Kejriwal, as is well known, is a graduate of the Indian Institute of Technology, Kharagpur, where he studied mechanical engineering.

Jawaharlal Nehru, Mahatma Gandhi and the other founding fathers of an earlier India were more or less schooled in the liberal arts. Nehru attended Trinity College, Cambridge, graduated in natural science, but also studied politics, economics, history and literature while there. His interest in literature led him to peruse the writings of George Bernard Shaw, HG Wells, JM Keynes and Bertrand Russell, amongst others.

Gandhi journeyed to London, where he studied law at the University College, and then trained as a barrister at the Inner Temple; while there he came under the influence of a few members of the Theosophical Society, whom he met as a member of the Vegetarian Society, and was encouraged to study Buddhist and Hindu literature and philosophy.

Other members among the group that won the country Independence and founded India, like Sarojini Naidu, BR Ambedkar and Maulana Azad, also had artsy liberal backgounds and were linguists, writers, poets and academics.
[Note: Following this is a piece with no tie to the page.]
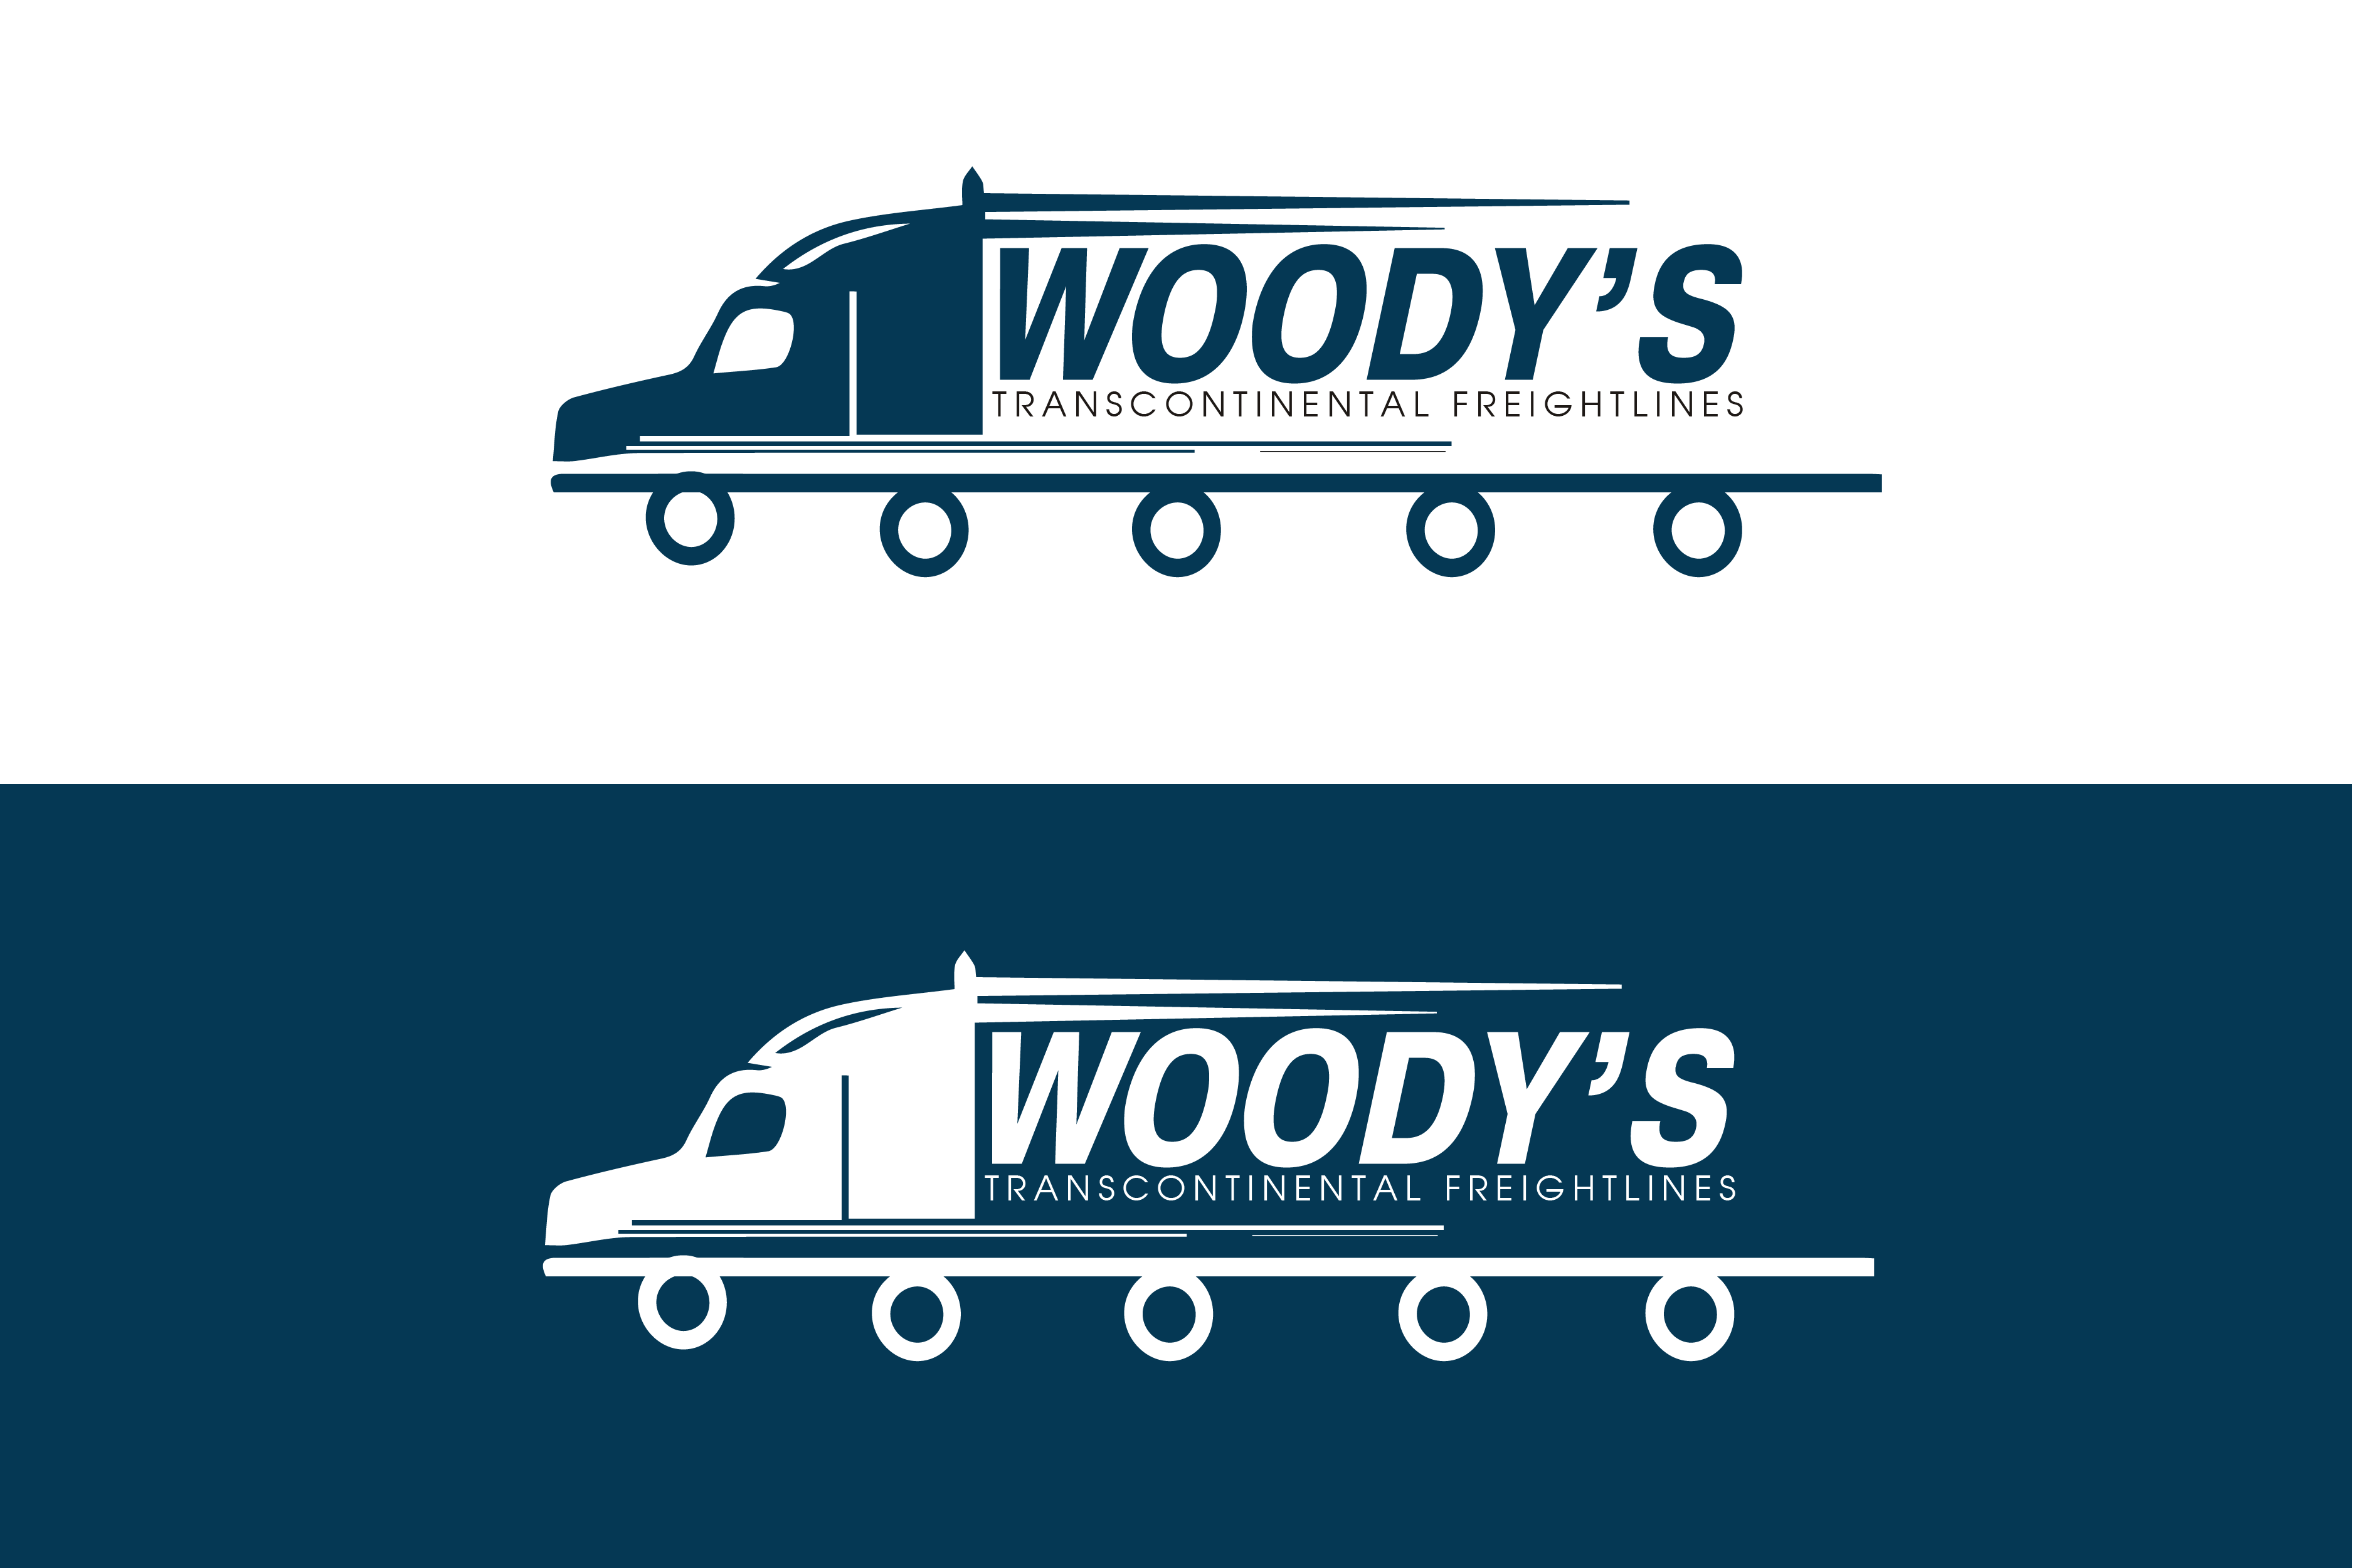 truck logo design eyes

Of course, there were great engineers and mathematicians and technocrats in those days, but the predominance of thought and impetus in that era was so skewed towards right-brain liberal arts thinking that it was these personalities that rose effortlessly to the top.

Which is why I hold the success of Kejriwal, Narendra Modi and others like them, who have seized the public imagination along with the leadership of their parties, as a vital indicator that this is the age of left-brain technical thinking. And perhaps this is why the Congress, still imbued in the legacy of a past era, has lost the opportunity to capture public sentiment and vote.

Because as is evident in ways small and big, we are a nation lunging towards technical expertise: be it in our IT behemoths, the proliferation of IT schools, our international recognition for IT successes and the way our youth has taken to the manifestations of this boom - social media, engineering services and technical education.

Of course neither bent of mind is superior or more valuable in nation building, India's arts-leaning founders served her just as well as will our technical left-brained leaders.

It's just that no one's informed the Congress just yet that there's been this paradigm shift and that those seen covered in the mantle of the economics, political science, law and literature degrees of Kapil Sibal, Shashi Tharoor, P Chidambaram and Salman Khurshid, just don't -how to put it gently - cut much ice with the young electorate.

These souls have turned their lonely eyes elsewhere to another God. And any political leader who speaks in this language has their vote.

Of course, as any one knows, an education in engineering is not only about nuts and bolts but also about a host of other values. The IT graduates of India, be they in business like Narayana Murthy or in politics like Kejriwal, stand for other intangibles: these include precise thinking, objective analysis, and a respect for fact and truth. This is what a nation of young IT-trained graduates want.

What is the ultimate irony (and tragedy for some) is the fact that the foundation of this new nation and subsequent value system was built by none other than one of the Congress's most cherished sons - Rajiv Gandhi.

When the history of the party is written, will any one record the fact that it was he who launched us on the Internet highway and accelerated us into the 21st century?